Minnesota’s probation system has enjoyed success for some time, not only for its money-saving benefits, but for the services it provides to probationers.
Probation officers in Minnesota supervised more than 140,000 offenders in 2011. These officers are employed by the Minnesota Department of Corrections and are called upon to supervise all felony adult offenders from the state prison system.

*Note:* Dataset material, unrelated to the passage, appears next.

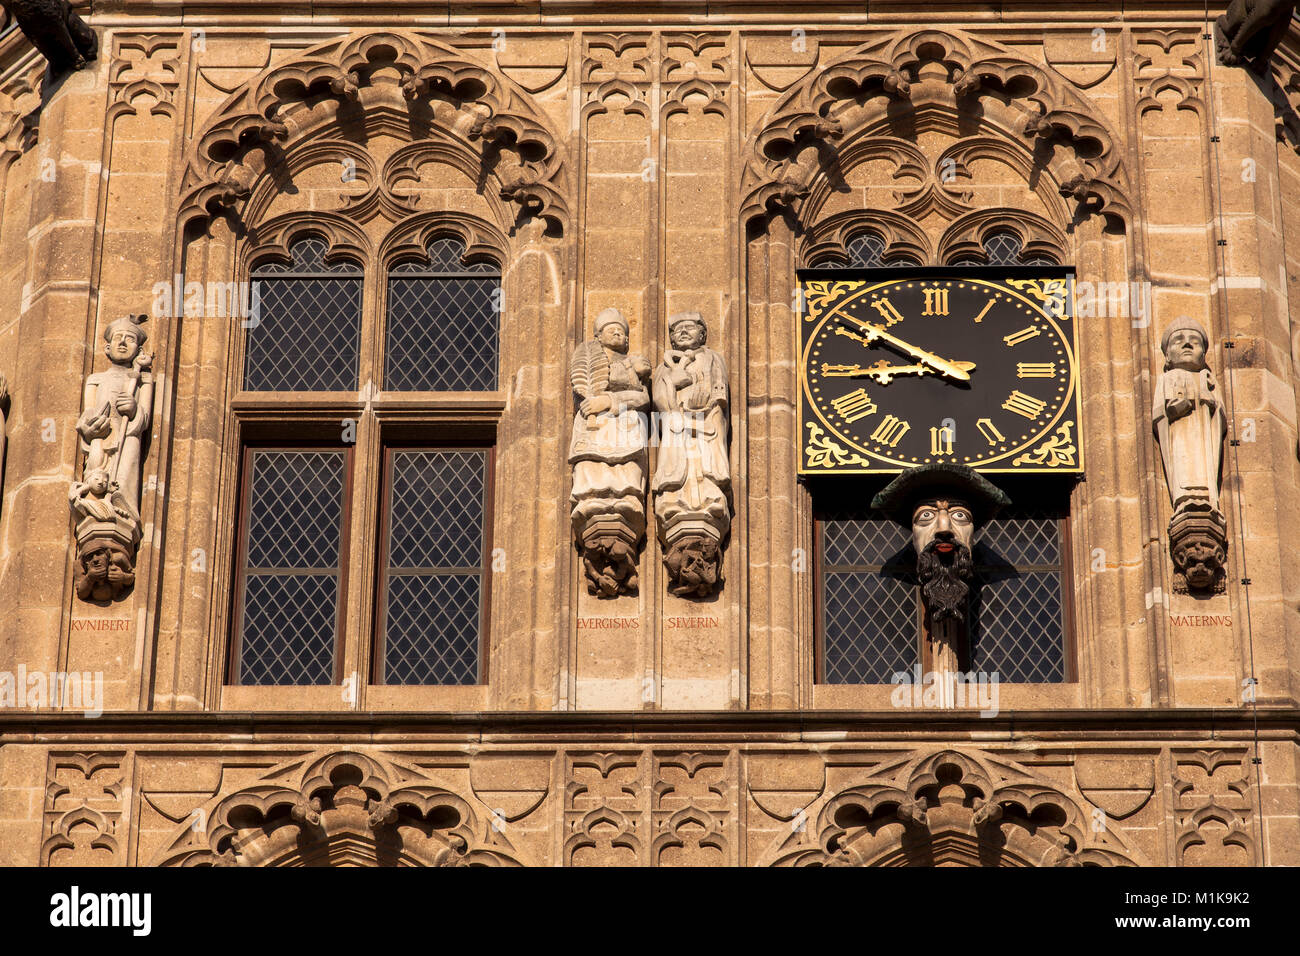 Deutschland, Köln, der Turm der historischen Rathaus im alten Teil der Stadt, unter der Uhr sehen Sie die Platzjabbeck, ein Gesicht, dass o erstreckt sich Stockfoto
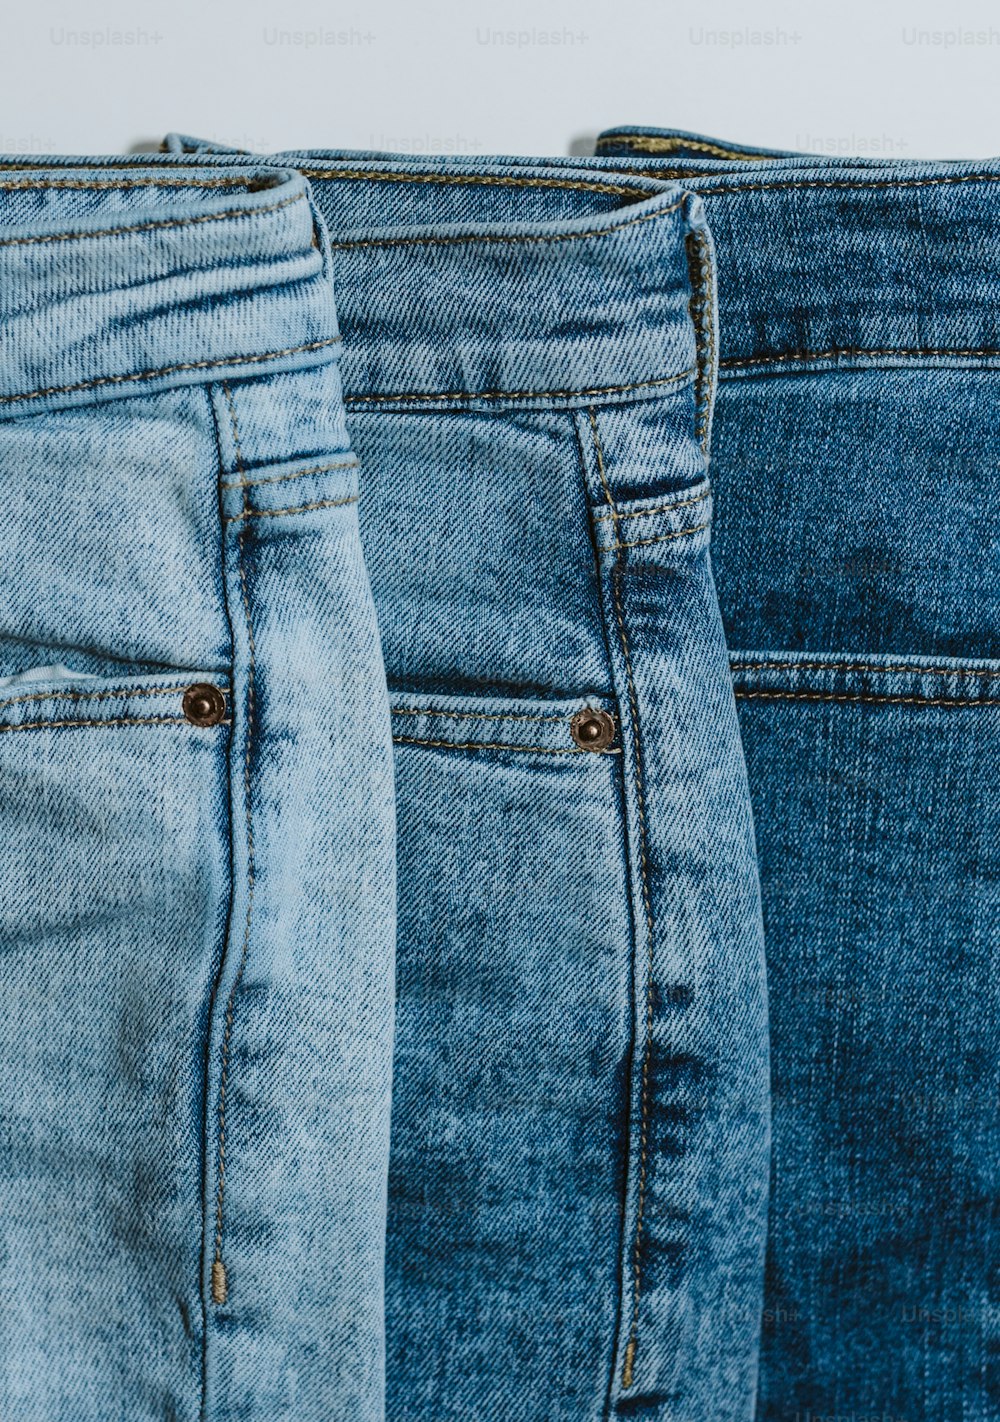 Drei Paar Jeans reihen sich in einer Reihe an

The supervision of offenders in a community setting has allowed them to receive both treatment and educational programs, both of which have been shown to be more effective in enacting long-term behavioral changes over incarceration. In addition to providing supervision services, probation officers in Minnesota employ a number of proven approaches to probationers, including:
- A greater focus on high-risk offenders
- Cognitive-behavioral interventions
- Motivational interviewing strategies
- Offender risk and needs assessments
- Programs that address problematic and anti-social or illegal behavior
- Targeted case planning
Specific programming and services are often focused on domestic abuse, drug and alcohol abuse, sexual and predator offending, and DUI/SWI offenses. Probation officers must assess risk to public safety and the risk of re-offending during the probationary period, but they must also consider a number of individual factors, such as: mental health issues, learning disabilities, parenting/domestic matters, gender and cultural factors, victimization, transportation issues, and access to community services and resources.
A Team Approach in Place
Minnesota credits the success of its probation system to the efforts of the probation officers, as well as a strong collaboration with the local justice system, ongoing training opportunities and continuing education, community involvement, and the help of statewide correctional associations and national probation organizations.
In addition to considering the cost-saving benefits of probation, the state also considers each case an individual one, with successful discharges, violations during probation, and recidivism as to continue to closely monitor the success of the program.